(Updates with comment from U.S. attorney in fourth paragraph, arrests in sixth paragraph.)
Nov. 1 (Bloomberg) -- FirstPlus Financial Group Inc., a Texas mortgage company, was taken over through extortion by reputed associates of the Lucchese organized crime family, U.S. prosecutors charged.
Nicodemo S. Scarfo, Salvatore Pelullo and others seized control of FirstPlus in June 2007 “by threatening its existing management,” federal prosecutors charged in an Oct. 26 indictment unsealed today in Camden, New Jersey. Scarfo is the son of Nicodemo “Little Nicky” Scarfo, the imprisoned boss of the Philadelphia-area mob, prosecutors say.
Scarfo and Pelullo forced the new management to approve the acquisition of companies they owned that had little, if any, value, according to the indictment. Scarfo and Pelullo looted FirstPlus of hundreds of thousands of dollars through phony consulting agreements and used the stolen money to finance lavish lifestyles that included “a luxury home for Scarfo, expensive automobiles, a yacht and jewelry,” the indictment said.
“The defendants gave new meaning to ‘corporate takeover’,” U.S. Attorney Paul Fishman said in a statement. “Investors should be free to invest in public companies without fear that violent criminal organizations are their puppetmasters.”

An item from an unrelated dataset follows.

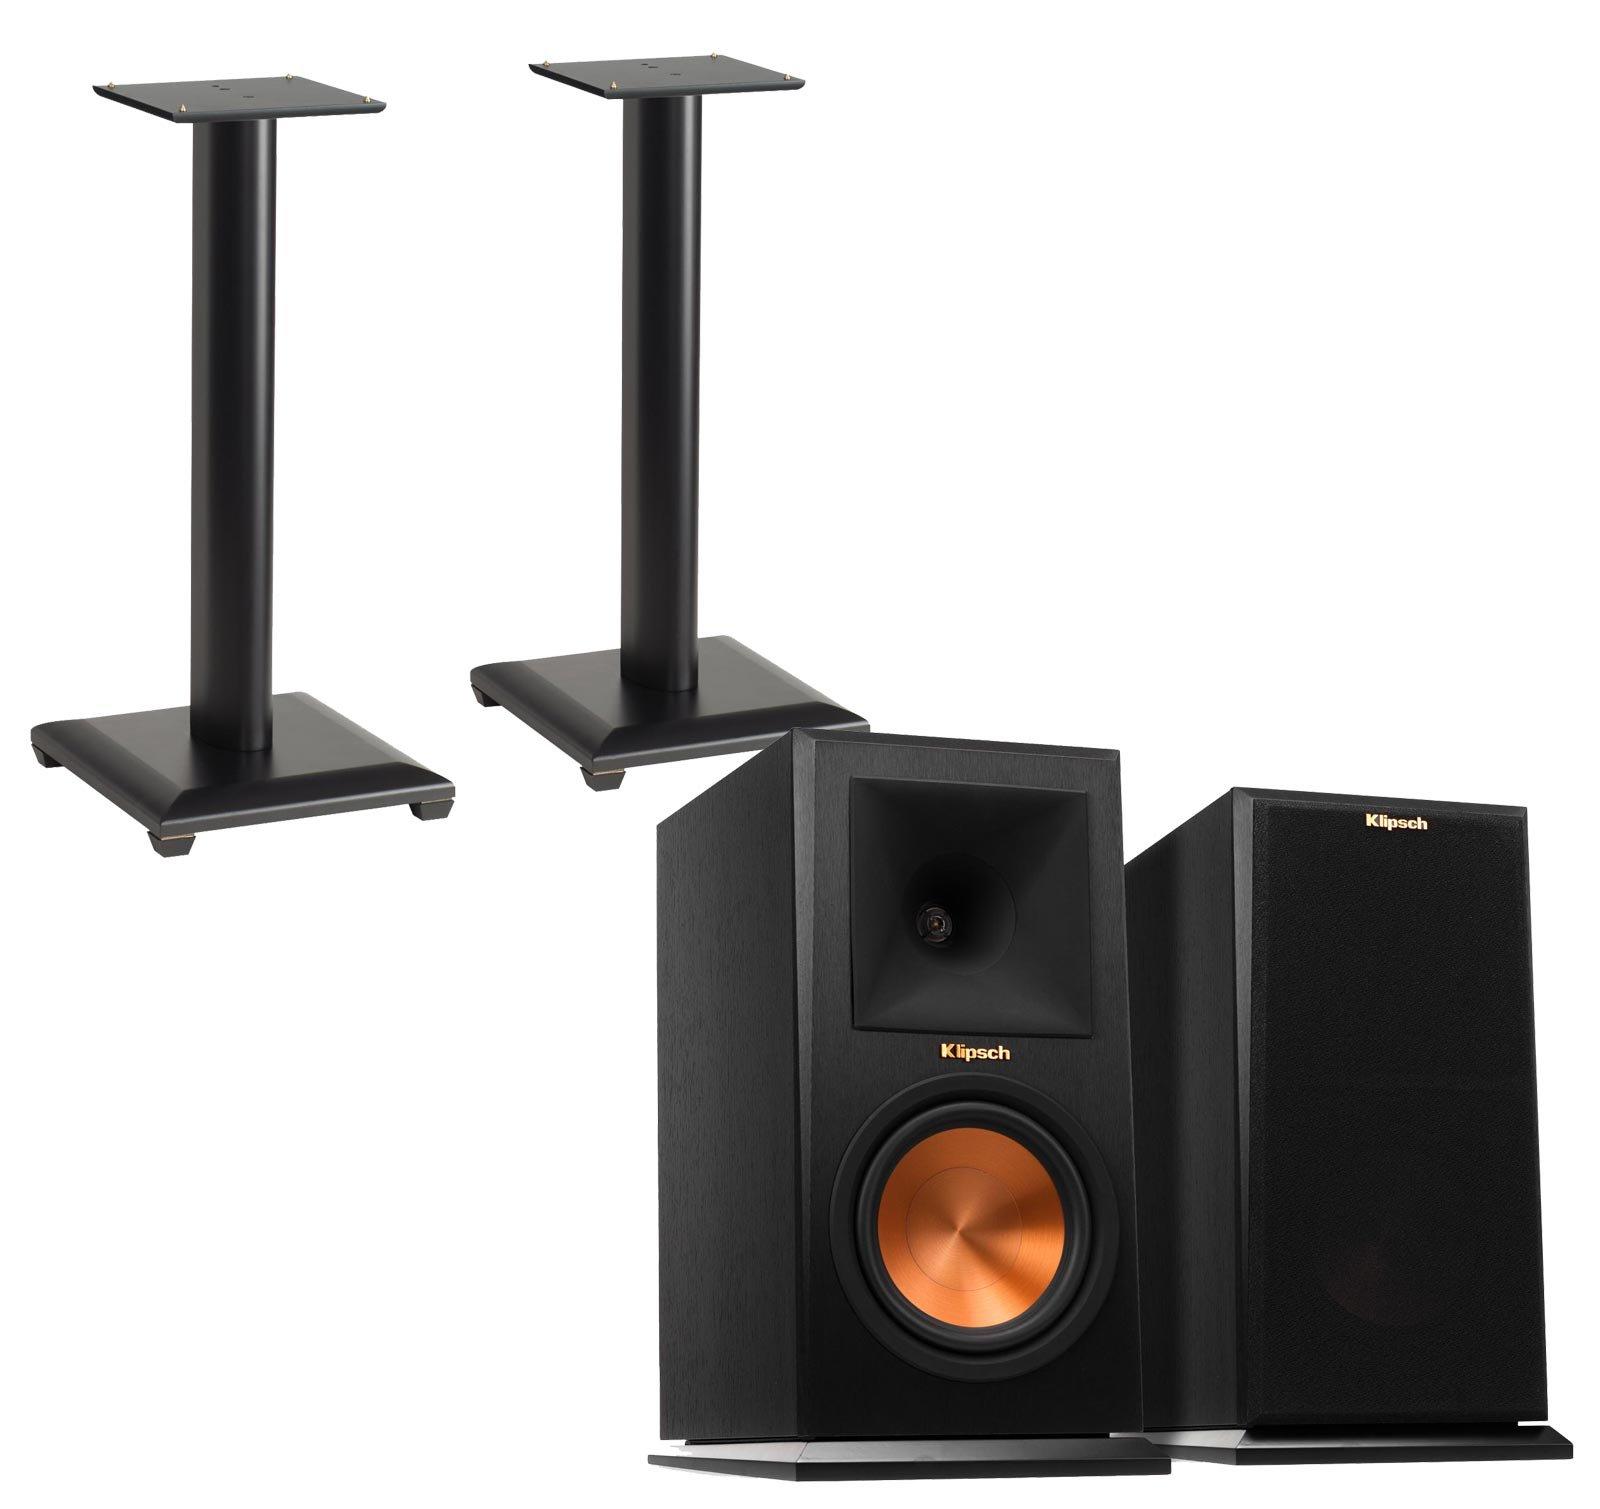 Klipsch Reference Premiere RP160M (Pair) Bookshelf Speakers with Sanus NF24B (Pair) Bookshelf Speaker Stands - Ebony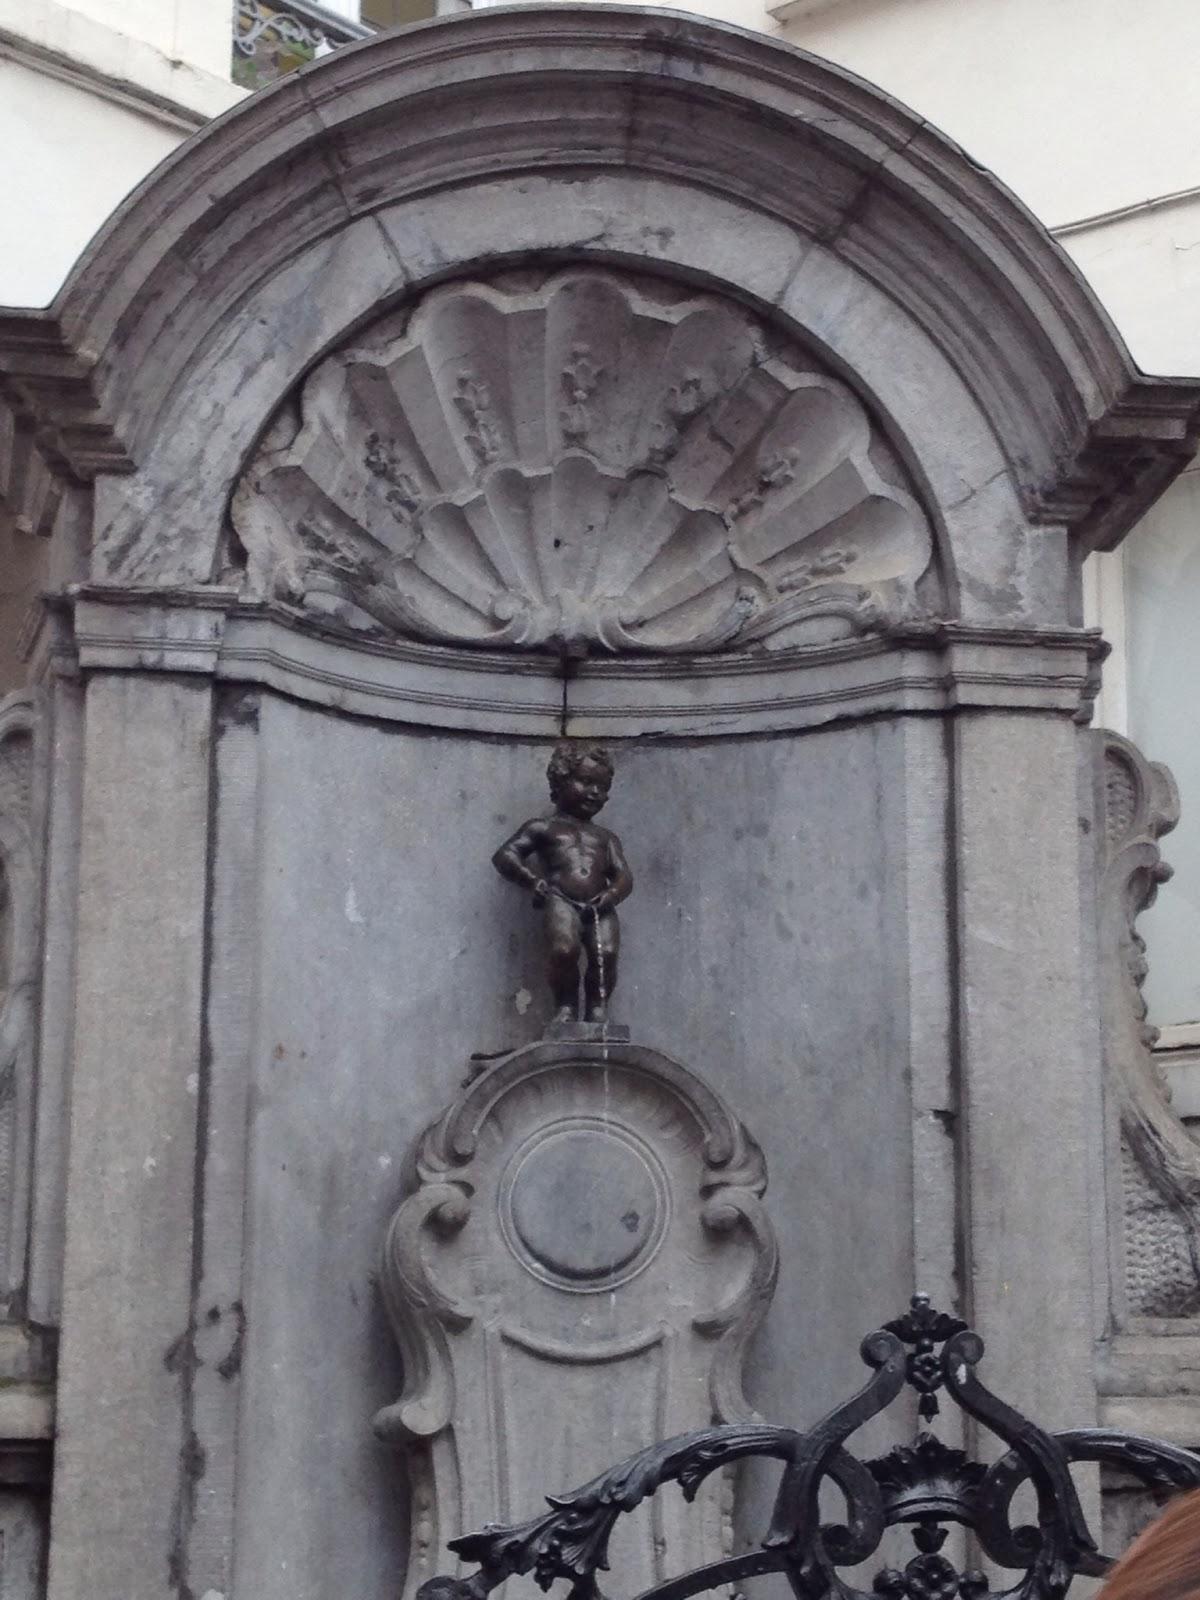 Brussels - Manneken Pis

Prosecutors charged 13 people, including attorneys, a certified public accountant and two former FirstPlus executives. Little Nicky and Vittorio Amuso, the imprisoned boss of the Lucchese family, allegedly participated in the scheme from behind bars.
Arrested in Miami
Scarfo and six others were arrested this morning at their residences. Pelullo was arrested in Miami and attorney William Maxwell was arrested at his Houston office. Scarfo’s wife, Lisa Murray-Scarfo, is expected to surrender to authorities in Camden.
The indictment charges Murray-Scarfo with conspiracy to commit bank fraud by securing a mortgage to purchase a $715,000 house with proceeds from the scheme.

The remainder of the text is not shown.